The complete genome of ValMV (isolate ValMV-Nar) had 9,451 nt (ORF: 135–9,236 nt and 3,033 aa) (accession no. LC658681) excluding the 3′ poly(A) tail (Fig. 1). The genome structure was typical of potyviruses, and we identified PIPO via the GA7 motif at positions 2,808–2,815 nt (Fig. 1). Additionally, the NGS contig sequence of 9,339 nt matched the complete ValMV-Nar genome.
Phylogenetic analysis based on the CP coding region showed that ValMV-Nar was in the same clade as known ValMV isolates and was closely related to OrMV (Fig. 2A). Phylogeny based on polyprotein sequences confirmed the close relationship between ValMV-Nar and OrMV (Fig. 2B).

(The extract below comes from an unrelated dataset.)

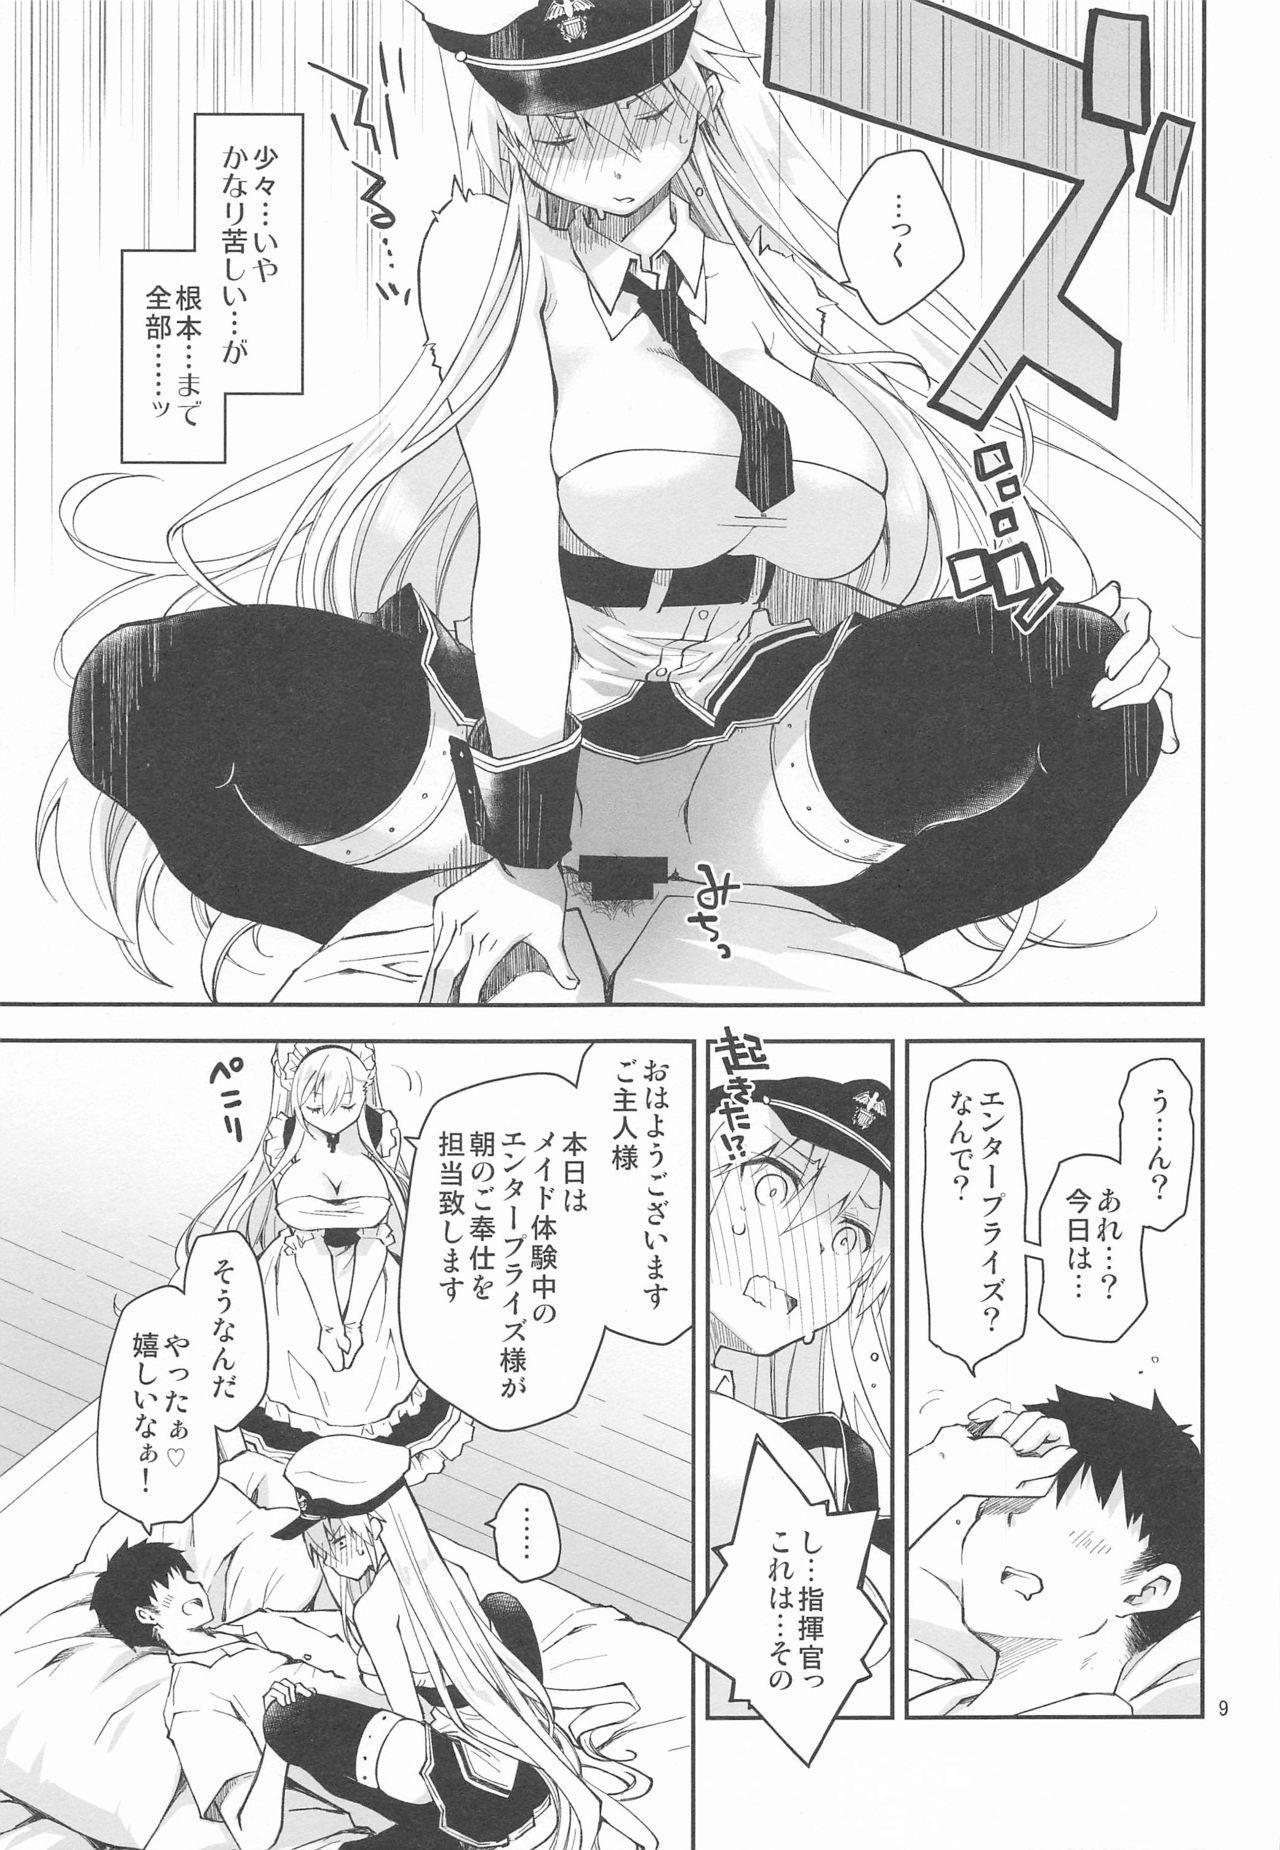 Police Maid in Enterprise - Azur lane Solo Girl - Page 8

Pairwise sequence comparisons (Supplementary Table 2) showed that the CP coding region of ValMV-Nar had >98% nt and aa sequence identity with known ValMV isolates, but shared low identity (61.5–71.9% nt and 57.5–76.8% aa sequence identities) with other potyviruses. The CP aa sequences were highly conserved between ValMV-Nar and known ValMV isolates, although the aa at position 59 was Asparagine in ValMV-Nar only, being Threonine in the other isolates. In contrast, the ValMV-Nar polyprotein shared 58.1–65.9% nt and 45.3–66.3% aa sequence identity with other potyviruses. Moreover, ValMV-Nar sequence identity with other potyviruses was 58.1–65.4% nt for the whole genome, 49.5–53.4% nt for the P1 coding region, and 51.9–68.9% nt for other eight mature protein regions. For all 10 mature protein regions and the polyprotein, ValMV-Nar had the highest sequence identity with OrMV.

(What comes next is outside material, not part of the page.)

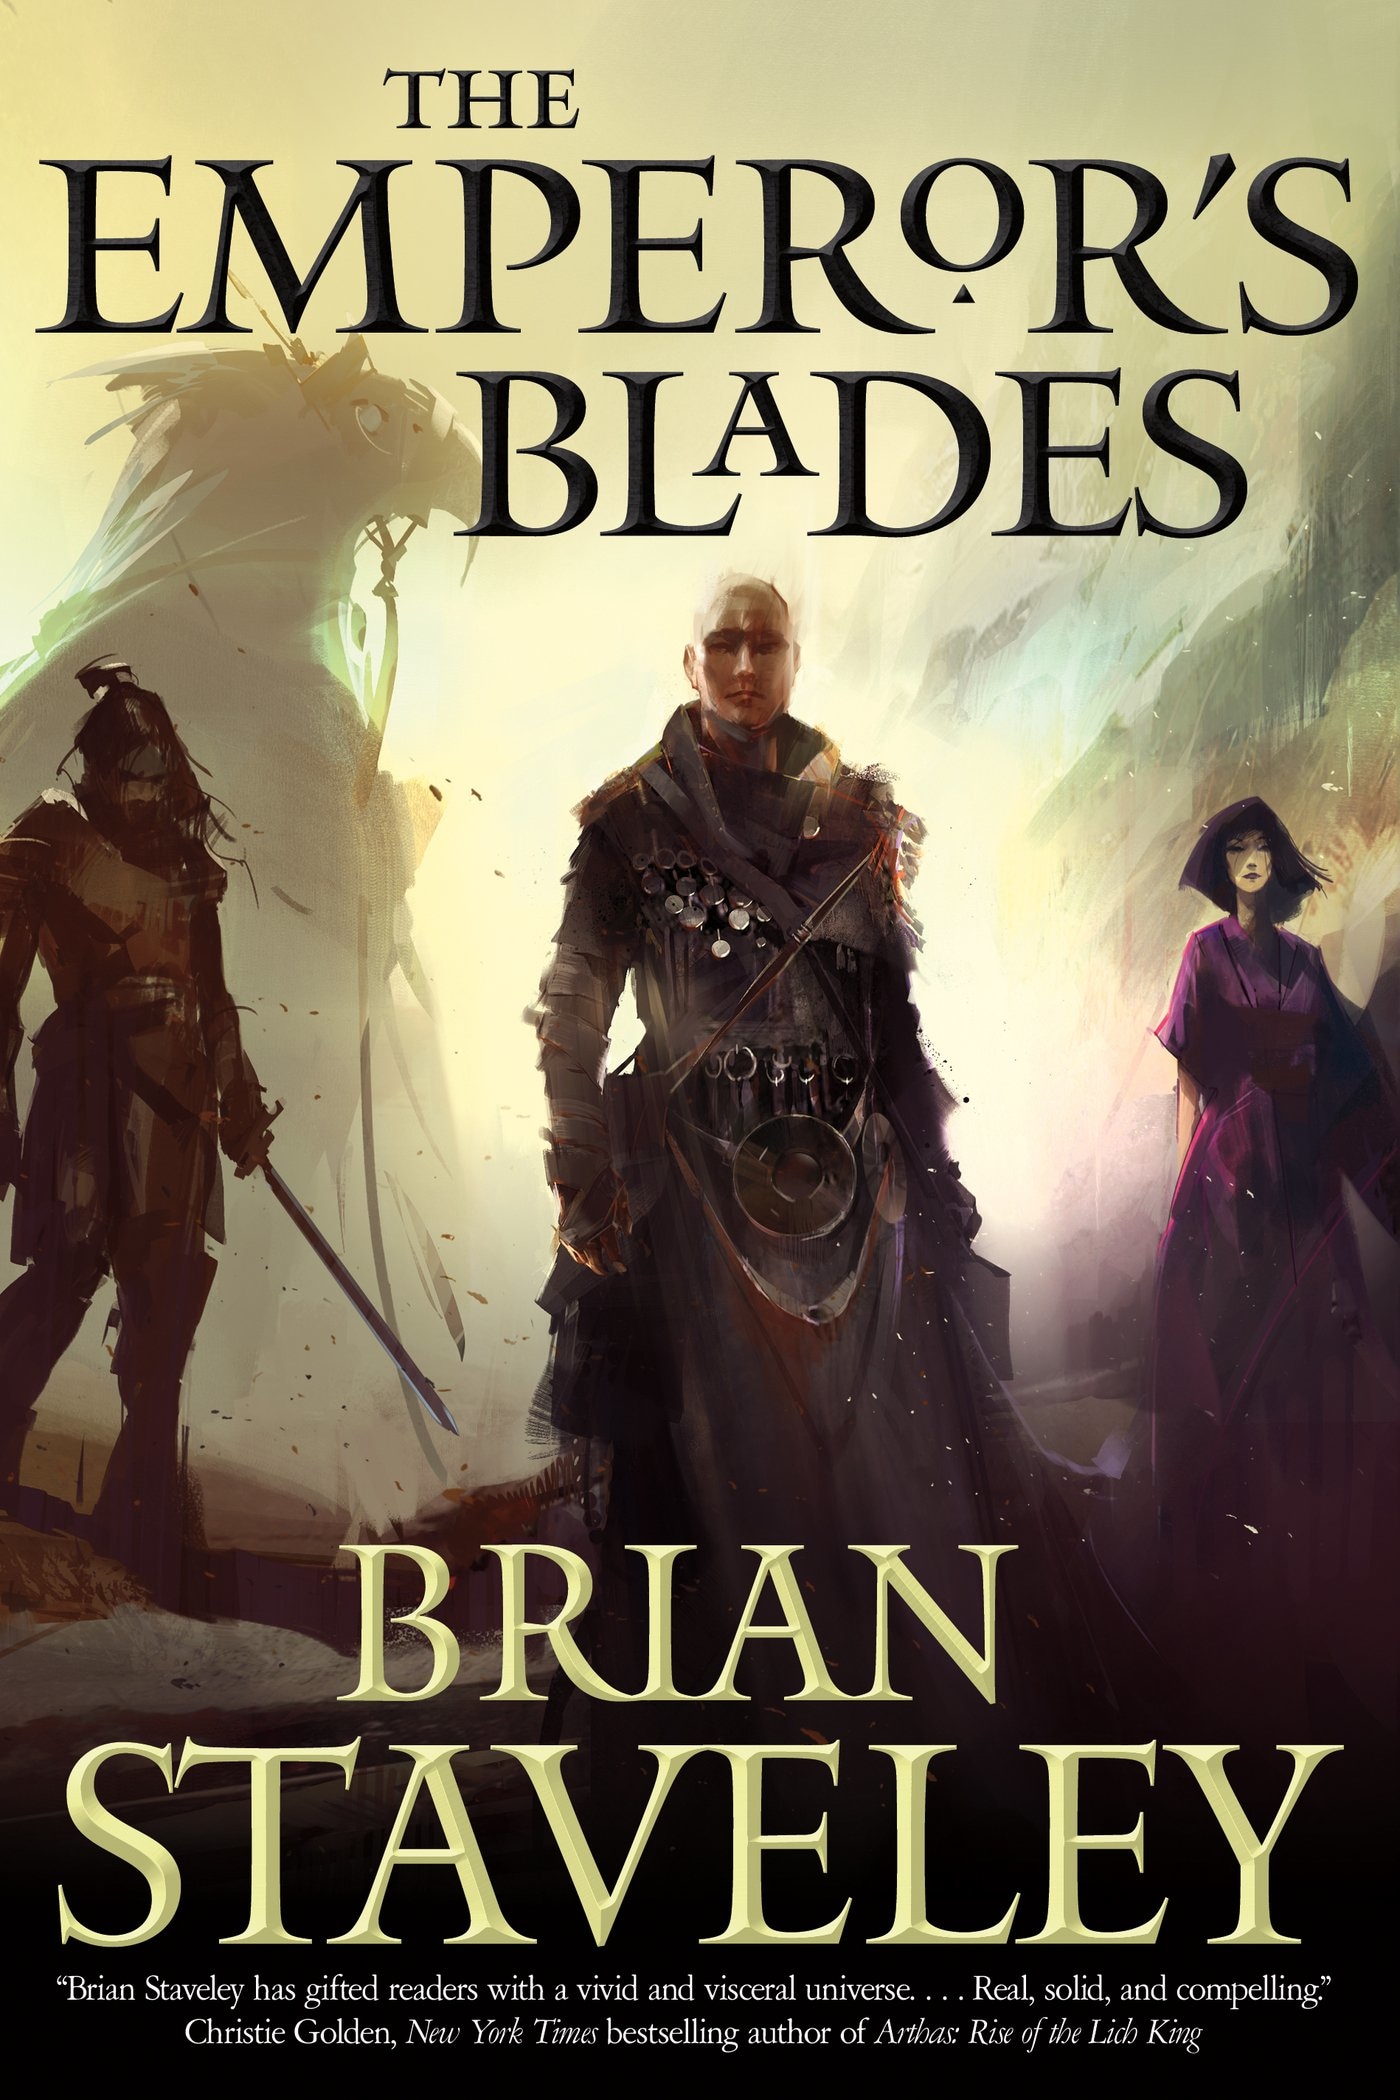 Book “The Emperor's Blades” by Brian Staveley

This study characterized ValMV based on the complete genome sequence, whereas prior studies had used only partial sequences [8, 9]. Species demarcation criteria in Potyviridae are as follows: (i) <76% nt and <82% aa sequence identity in the viral polyprotein, (ii) <76–77% nt and <80% aa sequence identity in the CP coding region, or (iii) <58% nt sequence identity in the P1 coding region and <74–78% nt sequence identity in other protein coding regions [5]. Therefore, nt and aa sequence identities are above the species demarcation threshold when examining CP coding regions of ValMV-Nar and other isolates [8, 9], but below that threshold when examining complete genomes and individual protein regions of ValMV-Nar and other potyviruses (Supplementary Table 2). Moreover, phylogenetic analysis showed that ValMV-Nar was grouped with other potyviruses (Fig. 2). The available data indicate that ValMV-Nar belongs to the same species as existing ValMV isolates, and that ValMV is a distinct species in Potyvirus.

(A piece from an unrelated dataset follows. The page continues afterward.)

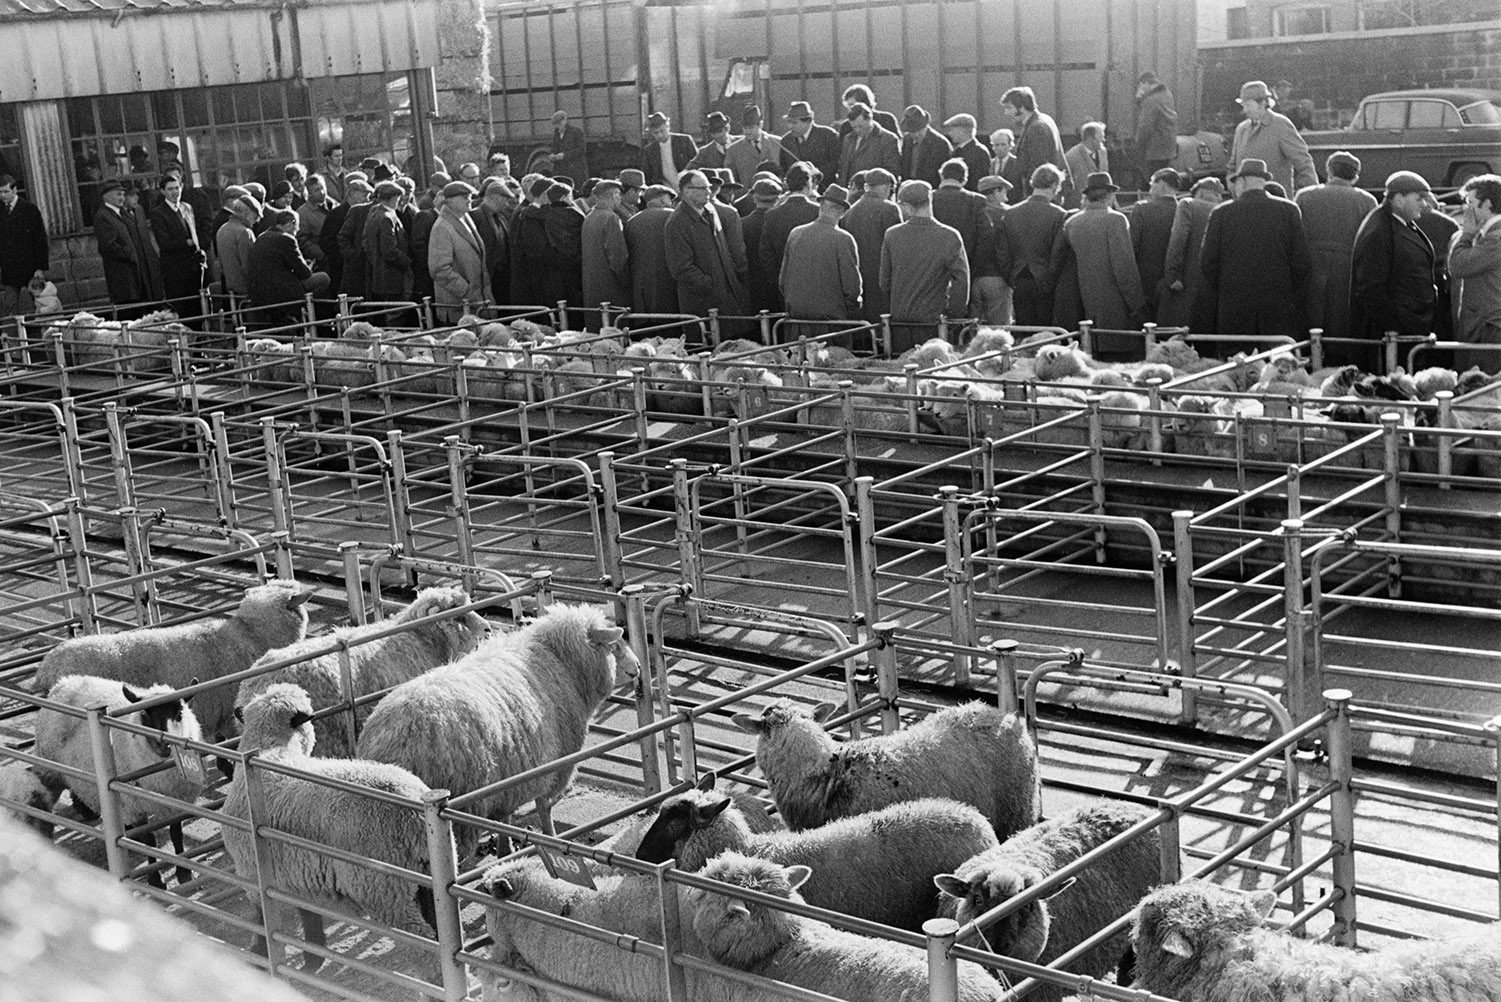 Livestock auction at Barnstaple. A crowd of men are looking at sheep in pens.

This is the first report confirming the complete genome sequence of ValMV, and the first to detect ValMV in Narcissus sp.. However, because the analysed plant was co-infected with NLSYV, we cannot ascertain the symptoms caused by ValMV infection alone. We therefore recommend further research that investigates the specific disease symptoms attributable to ValMV in the narcissus plant.